From this point forward, we focus on four primary ADMET endpoints: LogD, Caco-2 Permeability (P_app A→B), HLM CL_int, and MPPB. The remaining five endpoints in the ExpansionRx dataset were either unavailable on these web platforms or could not be confidently used for direct comparison (e.g., solubility was reported as LogS by the tools, and it is not clear whether it corresponds to the solubility endpoint in the ExpansionRx dataset, KSOL). Furthermore, while ADMETlab 3.0 reports LogD, ADMET-AI does not, and MPPB is only reported by our internal models.

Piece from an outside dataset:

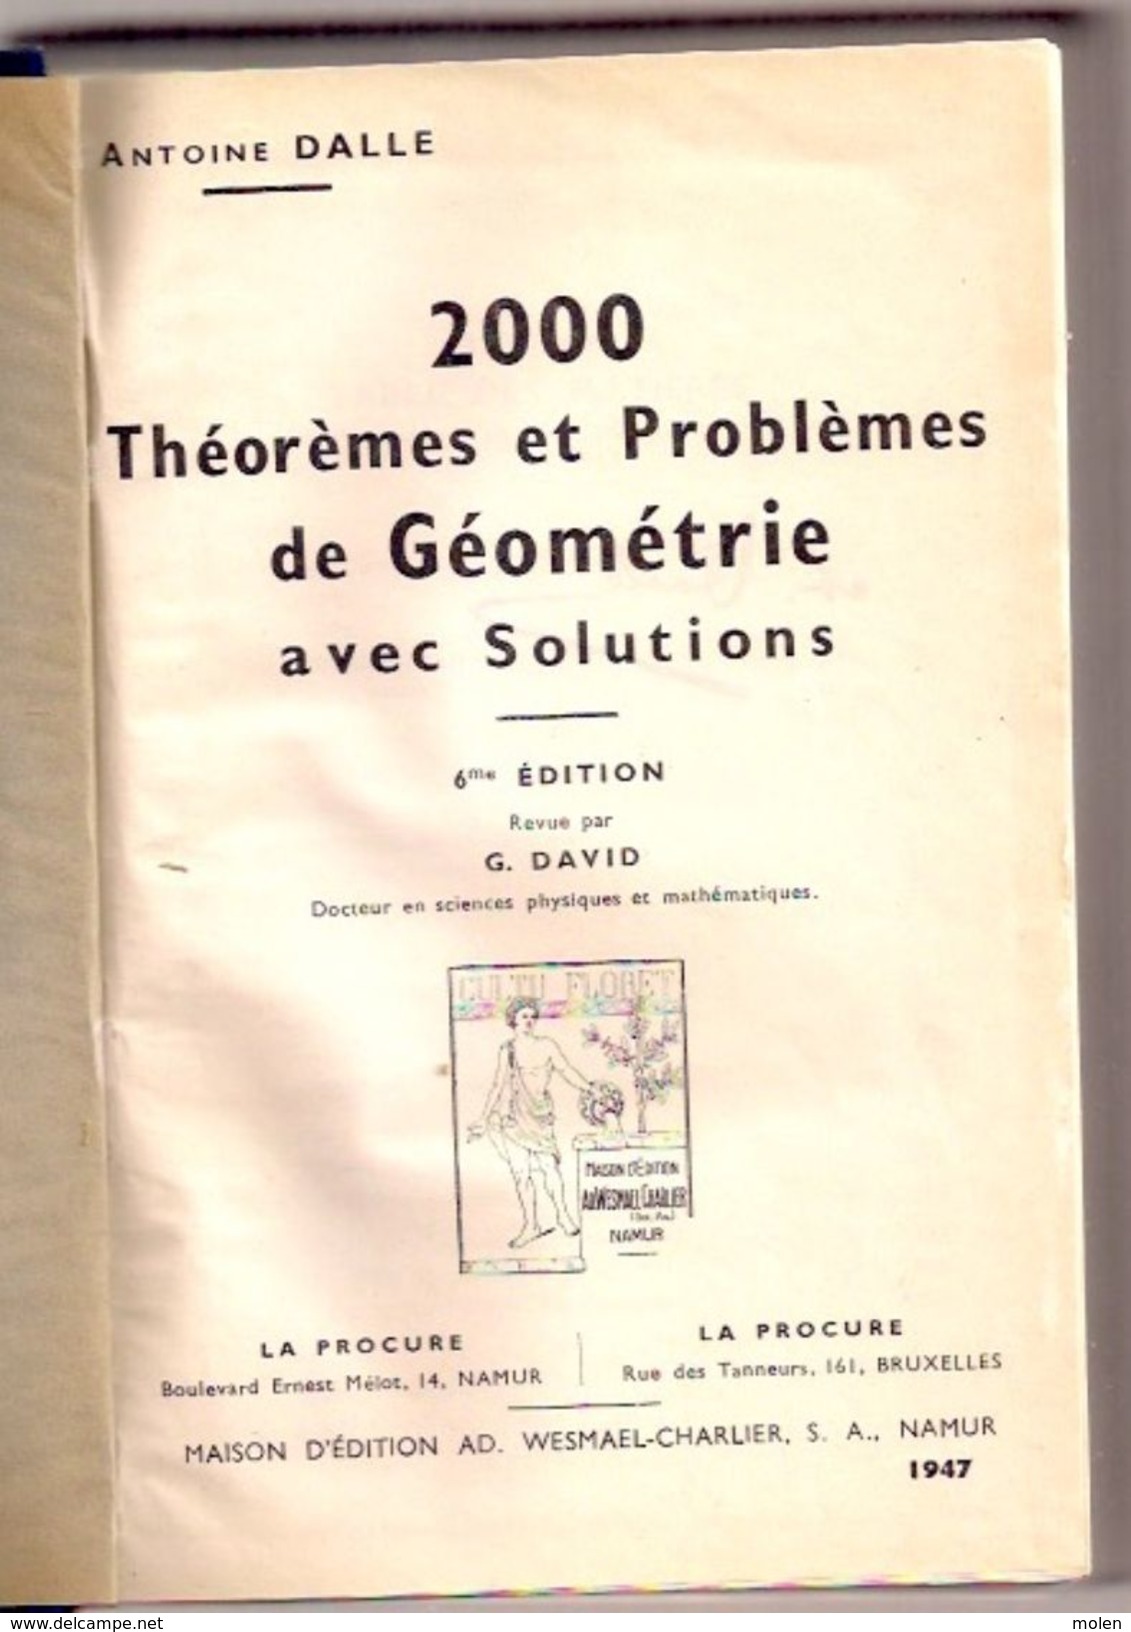 2000 Theoremes Et Problemes De GEOMETRIE Avec Solutions 1053pg ©1947 A Dalle Physiques Mathematiques MEETKUNDE Z704 - Ciencia

The distributions for these four endpoints across the ChEMBL, TDC, ExpansionRx Train, and Test split are presented in the figure below.

Figure 1. Endpoint distribution for each of the datasets compared in this blog post: ChEMBL, curated TDC and ExpansionRx Train and Test sets. Caco-2 P_app A→B values are shown on log₁₀(cm/s), HLM CL_int,in log₁₀(mL/min/kg), and MPPB on log₁₀(%unbound)

Overall, the per-endpoint distributions and dynamic range are notably similar. Both ChEMBL and TDC provide ample coverage for these four endpoints, though the ExpansionRx set appears to offer slightly more diversity in its extreme values.

However, aligning these datasets required significant caution. Before we look at the results, it is important to discuss the “Data Harmonization” steps required to make valid comparisons between predictions from different web-based models.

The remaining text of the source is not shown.